Task item:
Output exactly the line containing "COUNTRY MADE: Austria" and each line after it through the last line of the records, and nothing else.

Data to process:
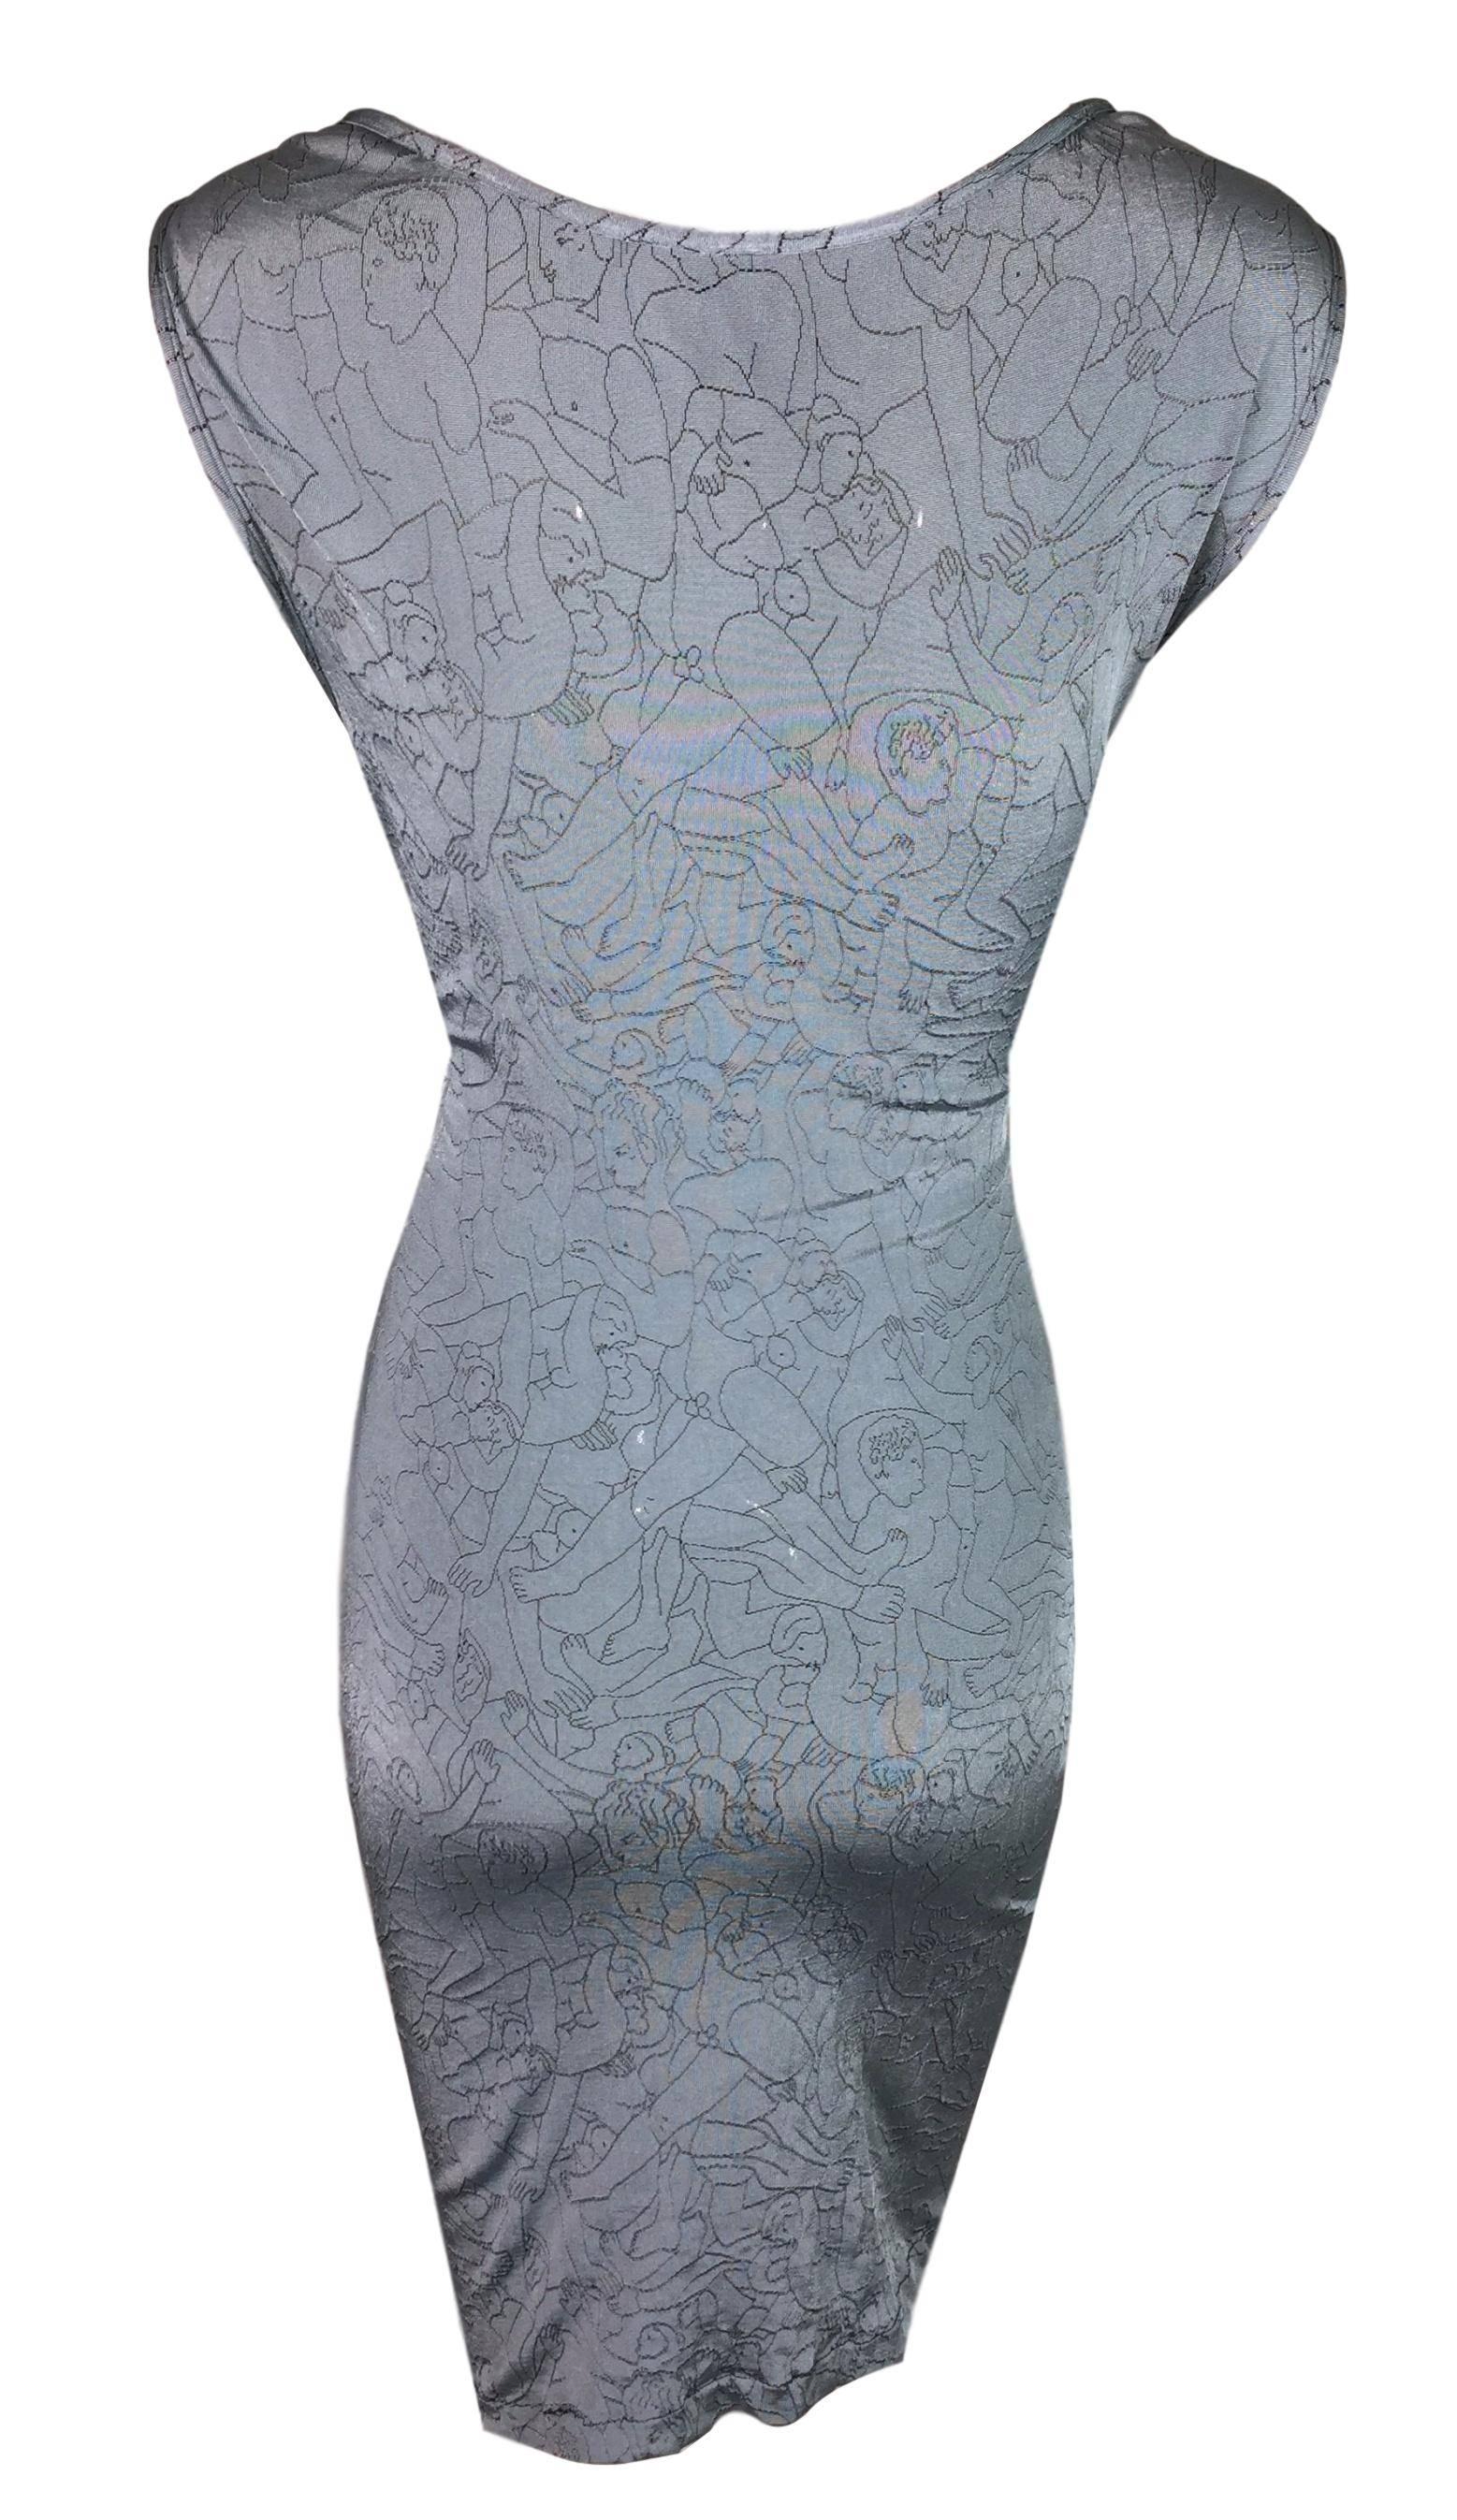 DESIGNER: S/S 2004 Vivienne Westwood x Wolford- rare orgie print!

Please contact for more information and/or photos.

CONDITION: Excellent 

MATERIAL: 95% nylon & 5% spandex

COUNTRY MADE: Austria

SIZE: M

MEASUREMENTS; provided as a courtesy

Written solution:
COUNTRY MADE: Austria

SIZE: M

MEASUREMENTS; provided as a courtesy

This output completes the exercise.